Robertson faced a new Conservative opponent in 1924 and was unable to hold his seat, losing to the Hon. Edward Cadogan by 4,335 votes. He tried to regain the seat at the 1929 general election but the Labour Party now also stood a candidate and although he again came second to Cadogan, Robertson was still 4,855 votes in arrears, with Labour in third place. After a period of reflection, Robertson decided to resign as prospective Parliamentary candidate for Finchley and was replaced by Lady Crosfield who had fought Islington North in 1929 and was the wife of Sir Arthur Crosfield the former Liberal MP for Warrington.
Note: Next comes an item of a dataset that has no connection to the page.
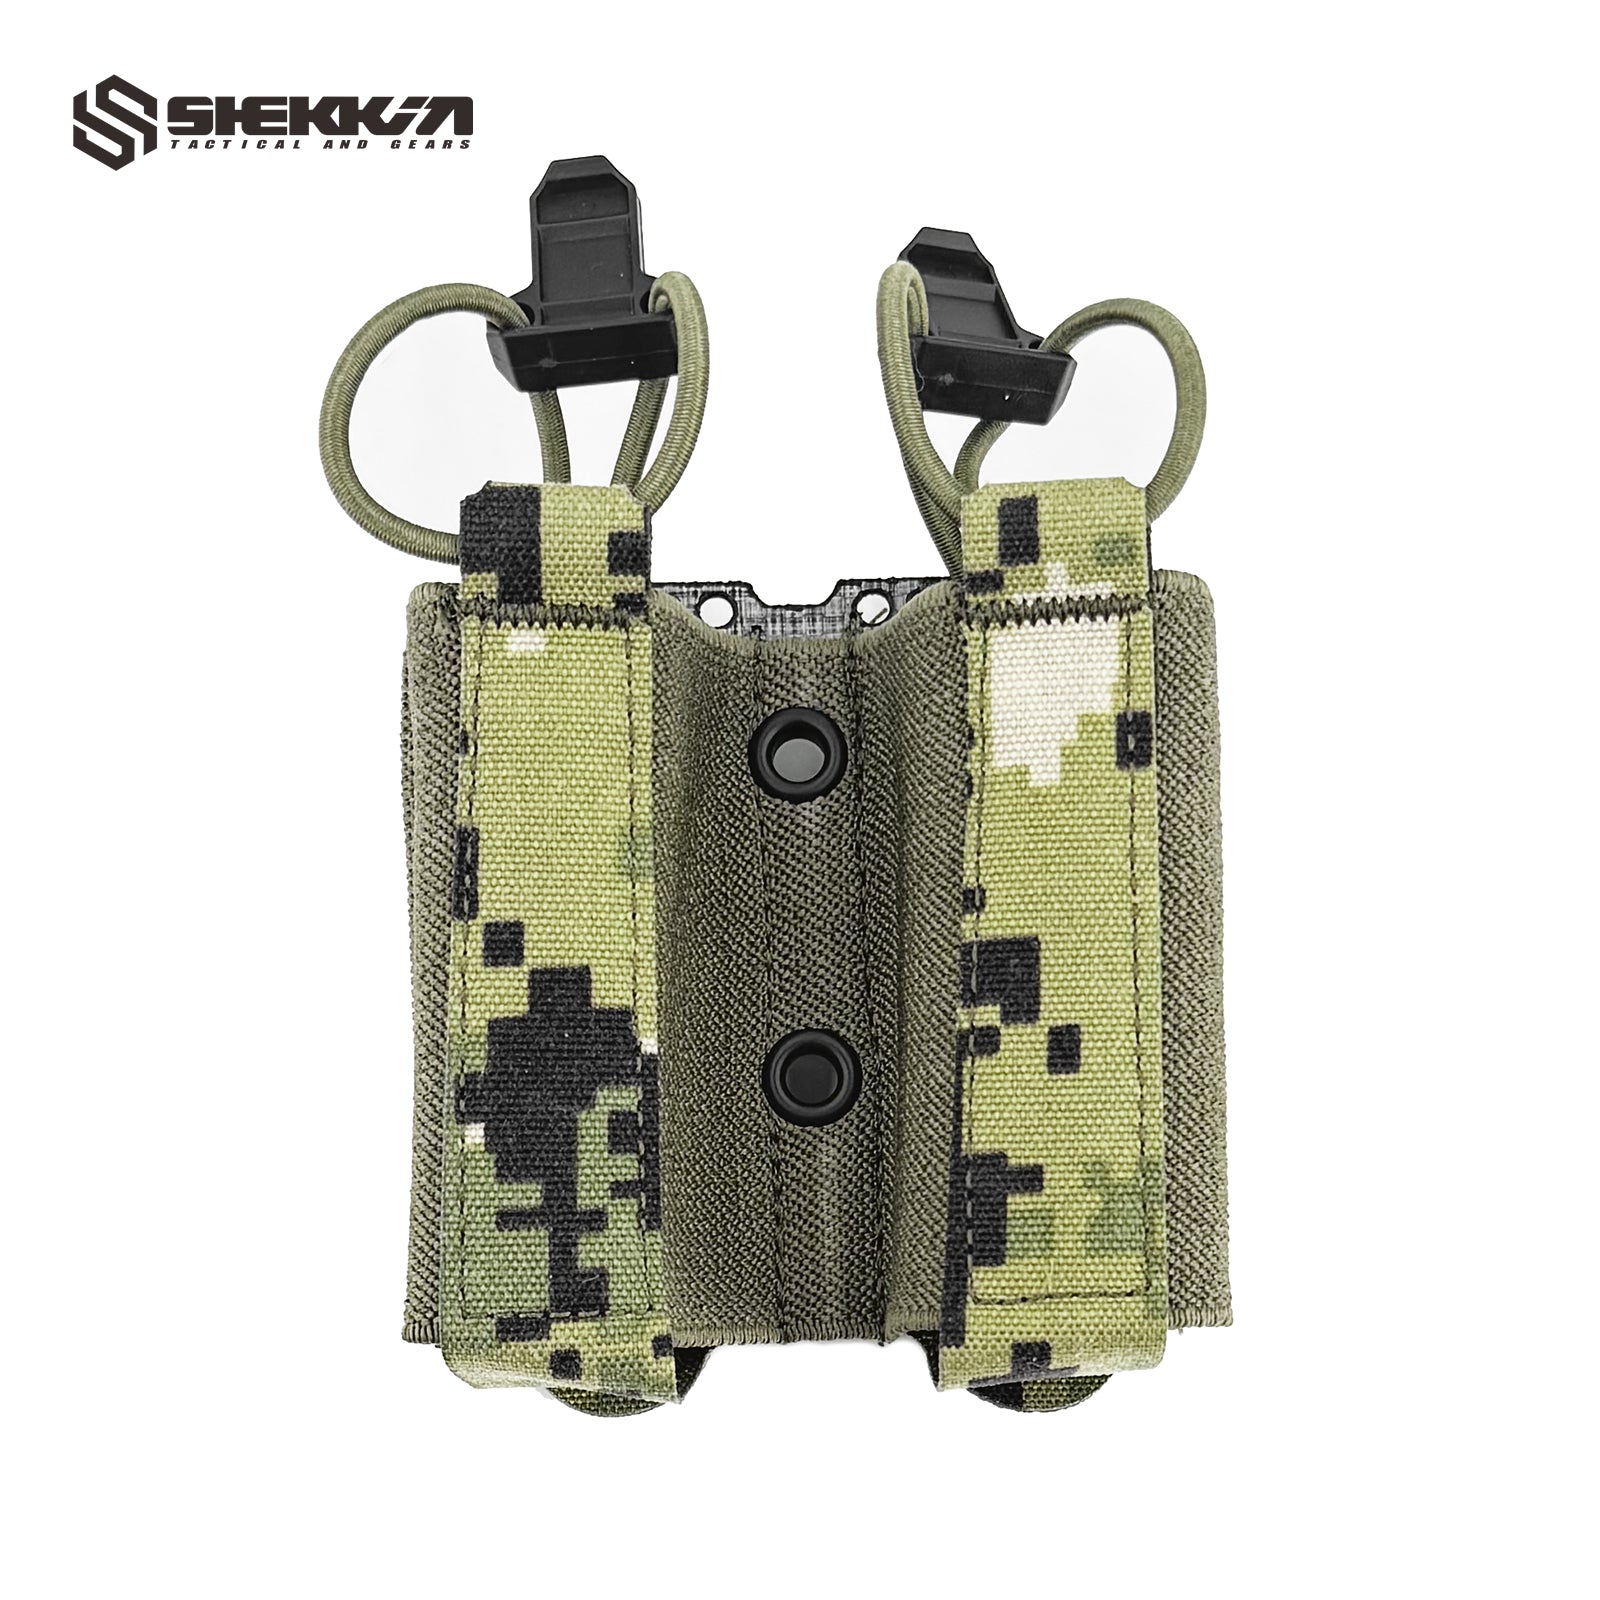 Double 9mm mag pouch with Tegris plate
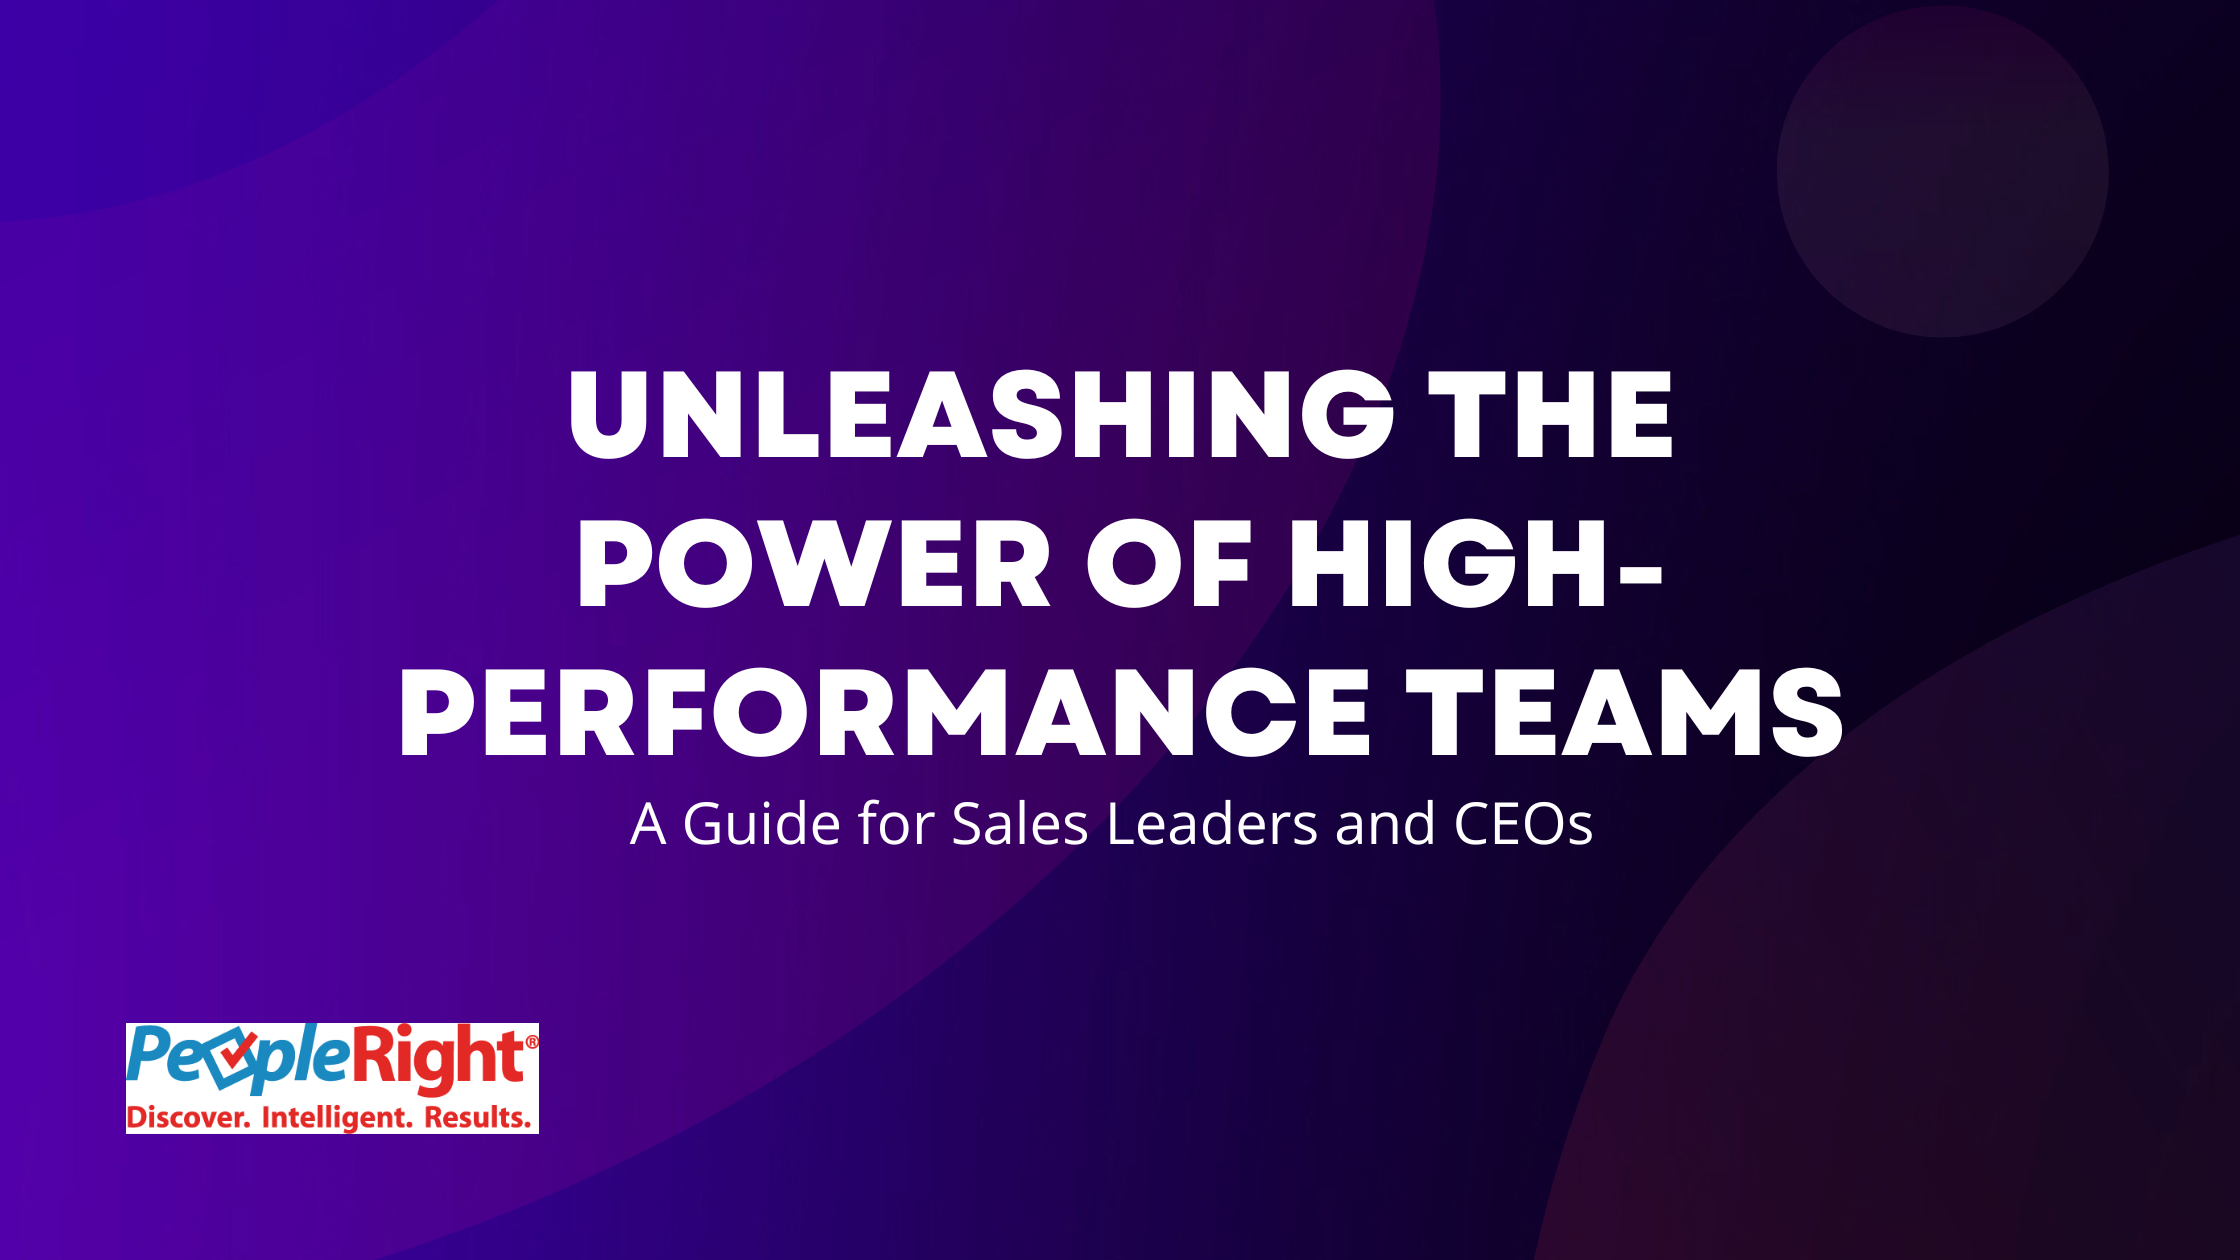 Unleashing the Power of High-Performance Teams: A Guide for Sales Leaders and CEOs

===Kinross and West Perthshire===
For the 1931 general election Robertson was asked to fight the Scottish seat of Kinross and West Perthshire. The seat was held by the Unionist Duchess of Atholl, the first woman ever to serve in a Conservative government. In a straight fight Robertson was defeated by a majority of 5,695 votes.

===Return to Finchley===
Robertson returned to his adopted home of London for the 1935 general election again contesting Finchley, after Lady Crosfield resigned. He again obtained second place, with Labour in third, but the new Conservative candidate succeeding Cadogan, John Crowder, held the seat easily with a majority of 18,040 votes. Crowder continued to represent Finchley until 1959 when he was replaced as Conservative candidate by Margaret Thatcher.

===Aylesbury===
Robertson's last attempt to get back in the House of Commons came in 1938. The Conservative MP for the Aylesbury Division of Buckinghamshire, Michael Beaumont, resigned and Robertson was selected as Liberal candidate in the resulting by-election which took place on 19 May 1938. In a three-cornered contest the seat was comfortably retained for the Conservatives by Sir Stanley Reed with a majority of 10,944 votes over Robertson with Labour's Reginald Groves, a journalist, in third place.

==London Scot==
Robertson was proud of his Scottish heritage and held a number of posts which allowed him to keep in touch with his home country and its culture while living in England. He was sometime Chief of the Scottish Clans Association of London. He served as a Governor of the Royal Caledonian School, at Bushey, in Hertfordshire and he was sometime President of the London Perthshire Association. He was also a Fellow of the Society of Antiquaries of Scotland the senior antiquarian body in Scotland and wrote articles on Scottish and Highland Customs, Folklore and Legends of Perthshire. He was for a while the editor of The Scots Year Book. He was also a Fellow of the Royal Geographical Society.

==Death==
Robertson died at his home in Palmers Green on 14 December 1955 aged 81 years.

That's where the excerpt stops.